Exercise details:
Please show every line in the entries below that includes the word "Jacket".

(Records contained in a dataset)
------------------------------------------------------------

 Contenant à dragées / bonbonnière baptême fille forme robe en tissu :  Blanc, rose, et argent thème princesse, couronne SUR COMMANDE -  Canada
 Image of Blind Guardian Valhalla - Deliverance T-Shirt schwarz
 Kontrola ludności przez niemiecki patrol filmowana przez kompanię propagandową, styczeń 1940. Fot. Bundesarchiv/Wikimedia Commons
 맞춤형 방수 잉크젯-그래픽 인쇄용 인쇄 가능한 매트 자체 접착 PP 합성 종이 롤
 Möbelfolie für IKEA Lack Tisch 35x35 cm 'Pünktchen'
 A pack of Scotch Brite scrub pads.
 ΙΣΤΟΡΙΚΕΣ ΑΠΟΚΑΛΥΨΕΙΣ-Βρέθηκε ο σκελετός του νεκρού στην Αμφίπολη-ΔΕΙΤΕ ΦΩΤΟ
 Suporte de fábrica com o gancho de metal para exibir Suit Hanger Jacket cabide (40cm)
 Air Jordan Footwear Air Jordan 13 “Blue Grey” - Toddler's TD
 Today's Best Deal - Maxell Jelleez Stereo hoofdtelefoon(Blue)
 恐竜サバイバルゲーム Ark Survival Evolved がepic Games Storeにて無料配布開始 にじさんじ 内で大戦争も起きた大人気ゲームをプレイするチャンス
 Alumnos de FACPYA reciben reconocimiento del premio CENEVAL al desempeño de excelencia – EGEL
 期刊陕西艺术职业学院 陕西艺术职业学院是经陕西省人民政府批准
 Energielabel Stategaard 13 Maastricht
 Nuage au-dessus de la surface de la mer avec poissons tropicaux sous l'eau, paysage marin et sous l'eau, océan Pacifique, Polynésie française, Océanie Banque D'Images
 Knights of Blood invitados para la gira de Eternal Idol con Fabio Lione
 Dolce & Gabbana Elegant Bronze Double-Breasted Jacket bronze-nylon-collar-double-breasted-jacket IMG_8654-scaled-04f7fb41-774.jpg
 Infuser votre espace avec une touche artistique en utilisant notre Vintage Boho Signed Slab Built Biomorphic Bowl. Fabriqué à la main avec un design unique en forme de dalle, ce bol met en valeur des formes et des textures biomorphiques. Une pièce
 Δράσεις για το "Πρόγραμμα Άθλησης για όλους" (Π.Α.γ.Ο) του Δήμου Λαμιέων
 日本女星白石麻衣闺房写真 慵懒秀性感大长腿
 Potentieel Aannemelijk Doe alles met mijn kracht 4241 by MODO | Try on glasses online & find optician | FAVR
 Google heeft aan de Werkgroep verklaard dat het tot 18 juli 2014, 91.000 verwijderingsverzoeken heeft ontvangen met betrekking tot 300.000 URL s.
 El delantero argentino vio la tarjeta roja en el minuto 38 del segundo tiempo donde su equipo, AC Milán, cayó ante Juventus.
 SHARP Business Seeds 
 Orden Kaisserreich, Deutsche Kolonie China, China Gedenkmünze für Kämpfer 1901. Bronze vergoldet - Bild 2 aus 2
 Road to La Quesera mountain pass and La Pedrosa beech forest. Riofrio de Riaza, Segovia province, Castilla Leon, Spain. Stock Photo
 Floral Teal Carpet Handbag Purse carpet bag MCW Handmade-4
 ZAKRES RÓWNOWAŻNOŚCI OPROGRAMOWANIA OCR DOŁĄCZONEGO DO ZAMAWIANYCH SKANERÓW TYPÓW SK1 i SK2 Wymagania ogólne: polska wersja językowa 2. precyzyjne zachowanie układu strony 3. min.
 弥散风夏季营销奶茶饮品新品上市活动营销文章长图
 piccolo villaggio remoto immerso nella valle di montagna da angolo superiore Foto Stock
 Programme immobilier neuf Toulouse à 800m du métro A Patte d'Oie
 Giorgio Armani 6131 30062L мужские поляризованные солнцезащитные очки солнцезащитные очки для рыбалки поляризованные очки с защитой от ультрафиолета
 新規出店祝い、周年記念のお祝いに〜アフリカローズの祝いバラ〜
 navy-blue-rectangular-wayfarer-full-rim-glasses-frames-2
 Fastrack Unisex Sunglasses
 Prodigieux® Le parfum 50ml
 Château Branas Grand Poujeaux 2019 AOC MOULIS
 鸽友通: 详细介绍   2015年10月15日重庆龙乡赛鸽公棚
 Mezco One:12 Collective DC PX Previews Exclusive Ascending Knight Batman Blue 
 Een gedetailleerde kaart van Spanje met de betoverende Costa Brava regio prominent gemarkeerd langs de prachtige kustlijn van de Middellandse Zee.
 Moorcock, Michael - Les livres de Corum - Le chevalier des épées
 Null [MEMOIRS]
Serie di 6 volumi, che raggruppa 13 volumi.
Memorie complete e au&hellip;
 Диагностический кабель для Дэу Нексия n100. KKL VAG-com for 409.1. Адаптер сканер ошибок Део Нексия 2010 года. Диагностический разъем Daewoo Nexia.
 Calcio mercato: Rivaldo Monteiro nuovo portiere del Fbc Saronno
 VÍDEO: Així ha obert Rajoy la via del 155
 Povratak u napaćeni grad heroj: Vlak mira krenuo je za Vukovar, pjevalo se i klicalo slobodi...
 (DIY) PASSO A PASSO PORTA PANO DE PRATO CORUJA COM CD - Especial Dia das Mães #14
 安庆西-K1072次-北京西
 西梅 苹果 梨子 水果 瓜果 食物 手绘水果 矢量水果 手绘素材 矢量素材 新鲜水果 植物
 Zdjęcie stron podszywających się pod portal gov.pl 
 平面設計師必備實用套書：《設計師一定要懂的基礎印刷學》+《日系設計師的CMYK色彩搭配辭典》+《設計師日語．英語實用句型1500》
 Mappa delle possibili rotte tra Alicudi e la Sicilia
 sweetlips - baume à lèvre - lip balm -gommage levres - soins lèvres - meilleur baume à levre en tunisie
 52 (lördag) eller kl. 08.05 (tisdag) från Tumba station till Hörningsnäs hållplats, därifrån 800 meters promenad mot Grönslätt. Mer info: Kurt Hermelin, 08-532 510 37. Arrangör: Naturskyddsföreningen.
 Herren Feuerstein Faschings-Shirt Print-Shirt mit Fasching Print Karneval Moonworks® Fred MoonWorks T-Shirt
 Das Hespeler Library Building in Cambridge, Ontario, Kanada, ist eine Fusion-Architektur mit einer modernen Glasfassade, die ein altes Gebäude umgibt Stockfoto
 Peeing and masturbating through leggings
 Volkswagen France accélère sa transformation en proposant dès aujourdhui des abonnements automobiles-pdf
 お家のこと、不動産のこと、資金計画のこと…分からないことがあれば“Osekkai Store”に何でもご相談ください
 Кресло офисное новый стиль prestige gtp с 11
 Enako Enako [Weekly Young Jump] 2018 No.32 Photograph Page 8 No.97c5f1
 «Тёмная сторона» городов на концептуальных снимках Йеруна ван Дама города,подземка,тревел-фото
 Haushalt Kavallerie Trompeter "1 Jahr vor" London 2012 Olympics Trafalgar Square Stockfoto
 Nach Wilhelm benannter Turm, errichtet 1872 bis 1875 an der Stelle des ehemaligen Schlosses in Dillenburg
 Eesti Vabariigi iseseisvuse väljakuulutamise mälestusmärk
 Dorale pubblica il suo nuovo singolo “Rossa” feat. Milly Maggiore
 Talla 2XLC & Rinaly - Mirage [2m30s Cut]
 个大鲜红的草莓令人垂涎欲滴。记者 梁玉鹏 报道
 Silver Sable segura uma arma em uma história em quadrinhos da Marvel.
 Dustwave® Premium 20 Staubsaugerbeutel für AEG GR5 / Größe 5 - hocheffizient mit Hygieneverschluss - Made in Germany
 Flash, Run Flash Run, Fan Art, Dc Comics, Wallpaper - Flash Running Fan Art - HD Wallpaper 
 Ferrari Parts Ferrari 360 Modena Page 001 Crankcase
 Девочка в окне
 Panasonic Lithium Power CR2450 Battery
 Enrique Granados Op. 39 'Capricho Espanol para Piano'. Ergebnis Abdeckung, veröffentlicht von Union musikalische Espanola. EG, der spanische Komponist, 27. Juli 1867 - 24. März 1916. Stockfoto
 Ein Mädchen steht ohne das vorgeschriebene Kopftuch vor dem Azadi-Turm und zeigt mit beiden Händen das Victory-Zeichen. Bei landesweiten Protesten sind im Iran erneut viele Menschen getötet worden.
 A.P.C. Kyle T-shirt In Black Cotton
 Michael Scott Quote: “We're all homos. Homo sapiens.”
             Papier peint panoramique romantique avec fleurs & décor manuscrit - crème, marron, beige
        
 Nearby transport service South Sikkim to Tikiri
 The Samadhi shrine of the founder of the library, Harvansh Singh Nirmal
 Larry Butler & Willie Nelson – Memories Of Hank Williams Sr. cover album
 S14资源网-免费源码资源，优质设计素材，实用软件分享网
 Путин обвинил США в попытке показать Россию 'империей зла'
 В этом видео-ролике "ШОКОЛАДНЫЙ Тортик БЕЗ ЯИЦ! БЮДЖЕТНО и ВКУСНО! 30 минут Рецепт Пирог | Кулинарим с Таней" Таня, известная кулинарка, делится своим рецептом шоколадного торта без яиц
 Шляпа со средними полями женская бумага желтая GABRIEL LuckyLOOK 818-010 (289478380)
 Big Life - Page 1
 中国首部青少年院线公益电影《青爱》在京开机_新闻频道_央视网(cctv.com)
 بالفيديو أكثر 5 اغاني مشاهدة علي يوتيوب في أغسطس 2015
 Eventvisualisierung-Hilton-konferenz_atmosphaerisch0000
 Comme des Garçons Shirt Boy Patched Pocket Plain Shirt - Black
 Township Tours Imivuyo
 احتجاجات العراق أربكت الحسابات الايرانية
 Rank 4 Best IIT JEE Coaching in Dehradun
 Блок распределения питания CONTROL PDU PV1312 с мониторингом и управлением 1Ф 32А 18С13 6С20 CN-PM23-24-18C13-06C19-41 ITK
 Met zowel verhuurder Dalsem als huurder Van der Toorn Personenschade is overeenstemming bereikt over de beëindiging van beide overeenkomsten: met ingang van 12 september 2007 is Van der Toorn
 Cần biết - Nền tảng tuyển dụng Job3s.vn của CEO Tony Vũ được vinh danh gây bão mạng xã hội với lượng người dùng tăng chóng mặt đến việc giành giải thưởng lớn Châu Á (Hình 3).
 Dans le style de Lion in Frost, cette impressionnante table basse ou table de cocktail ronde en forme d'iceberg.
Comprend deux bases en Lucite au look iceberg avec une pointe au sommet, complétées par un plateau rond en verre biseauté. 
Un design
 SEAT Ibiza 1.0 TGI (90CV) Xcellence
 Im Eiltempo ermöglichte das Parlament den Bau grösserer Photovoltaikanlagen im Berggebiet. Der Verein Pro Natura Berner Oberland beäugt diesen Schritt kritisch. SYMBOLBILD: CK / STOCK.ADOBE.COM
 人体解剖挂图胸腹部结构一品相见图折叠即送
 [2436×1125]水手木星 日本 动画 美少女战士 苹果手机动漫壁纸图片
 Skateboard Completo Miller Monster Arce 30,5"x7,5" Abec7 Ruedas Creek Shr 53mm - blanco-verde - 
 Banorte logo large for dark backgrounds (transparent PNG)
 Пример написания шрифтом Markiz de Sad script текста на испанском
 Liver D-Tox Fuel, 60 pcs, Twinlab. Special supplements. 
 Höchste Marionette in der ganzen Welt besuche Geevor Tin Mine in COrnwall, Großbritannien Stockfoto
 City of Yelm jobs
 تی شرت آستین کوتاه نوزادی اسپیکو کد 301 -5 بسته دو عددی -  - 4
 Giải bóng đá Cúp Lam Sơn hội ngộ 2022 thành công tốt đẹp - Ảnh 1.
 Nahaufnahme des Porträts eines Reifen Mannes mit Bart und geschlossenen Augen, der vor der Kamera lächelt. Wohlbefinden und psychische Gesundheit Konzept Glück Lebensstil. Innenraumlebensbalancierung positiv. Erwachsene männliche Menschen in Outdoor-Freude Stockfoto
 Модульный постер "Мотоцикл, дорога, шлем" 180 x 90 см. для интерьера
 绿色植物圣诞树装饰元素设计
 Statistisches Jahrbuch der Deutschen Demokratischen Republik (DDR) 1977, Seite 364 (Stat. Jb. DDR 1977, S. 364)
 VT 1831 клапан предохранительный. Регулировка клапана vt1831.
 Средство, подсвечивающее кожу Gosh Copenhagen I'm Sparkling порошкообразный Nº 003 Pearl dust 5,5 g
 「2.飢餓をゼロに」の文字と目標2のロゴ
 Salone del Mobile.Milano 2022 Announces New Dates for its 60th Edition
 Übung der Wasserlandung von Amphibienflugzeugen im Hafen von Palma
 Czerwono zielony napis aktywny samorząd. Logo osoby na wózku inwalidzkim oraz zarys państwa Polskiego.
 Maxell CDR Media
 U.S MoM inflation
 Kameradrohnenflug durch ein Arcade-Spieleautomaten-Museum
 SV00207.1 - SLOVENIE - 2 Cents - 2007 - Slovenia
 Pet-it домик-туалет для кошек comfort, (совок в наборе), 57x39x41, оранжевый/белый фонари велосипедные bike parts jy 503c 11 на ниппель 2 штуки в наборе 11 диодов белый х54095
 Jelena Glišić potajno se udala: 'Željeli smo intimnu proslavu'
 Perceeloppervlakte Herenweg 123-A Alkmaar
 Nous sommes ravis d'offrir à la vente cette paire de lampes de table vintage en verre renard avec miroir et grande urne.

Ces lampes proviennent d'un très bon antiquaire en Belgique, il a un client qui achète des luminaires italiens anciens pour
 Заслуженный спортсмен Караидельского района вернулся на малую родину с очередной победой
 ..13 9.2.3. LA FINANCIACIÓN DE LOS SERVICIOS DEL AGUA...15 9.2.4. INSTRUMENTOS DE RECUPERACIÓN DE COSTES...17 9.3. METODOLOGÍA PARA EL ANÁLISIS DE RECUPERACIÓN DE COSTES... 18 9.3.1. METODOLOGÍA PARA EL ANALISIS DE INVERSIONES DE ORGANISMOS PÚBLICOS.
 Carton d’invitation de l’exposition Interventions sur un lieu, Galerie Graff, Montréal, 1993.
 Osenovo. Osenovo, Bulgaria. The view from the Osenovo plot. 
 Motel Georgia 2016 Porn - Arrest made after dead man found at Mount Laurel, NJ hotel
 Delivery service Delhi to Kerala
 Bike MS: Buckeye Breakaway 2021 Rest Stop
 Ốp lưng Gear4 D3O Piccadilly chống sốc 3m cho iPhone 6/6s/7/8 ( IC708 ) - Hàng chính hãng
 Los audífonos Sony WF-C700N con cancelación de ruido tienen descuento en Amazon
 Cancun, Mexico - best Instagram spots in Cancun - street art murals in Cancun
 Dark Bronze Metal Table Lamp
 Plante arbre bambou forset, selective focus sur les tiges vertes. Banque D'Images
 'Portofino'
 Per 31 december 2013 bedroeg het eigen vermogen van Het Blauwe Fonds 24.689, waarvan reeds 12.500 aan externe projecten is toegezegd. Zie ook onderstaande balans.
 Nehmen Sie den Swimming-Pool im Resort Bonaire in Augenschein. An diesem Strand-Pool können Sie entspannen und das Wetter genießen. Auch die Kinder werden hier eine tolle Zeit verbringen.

------------------------------------------------------------

Response for this exercise:
 Suporte de fábrica com o gancho de metal para exibir Suit Hanger Jacket cabide (40cm)
 Dolce & Gabbana Elegant Bronze Double-Breasted Jacket bronze-nylon-collar-double-breasted-jacket IMG_8654-scaled-04f7fb41-774.jpg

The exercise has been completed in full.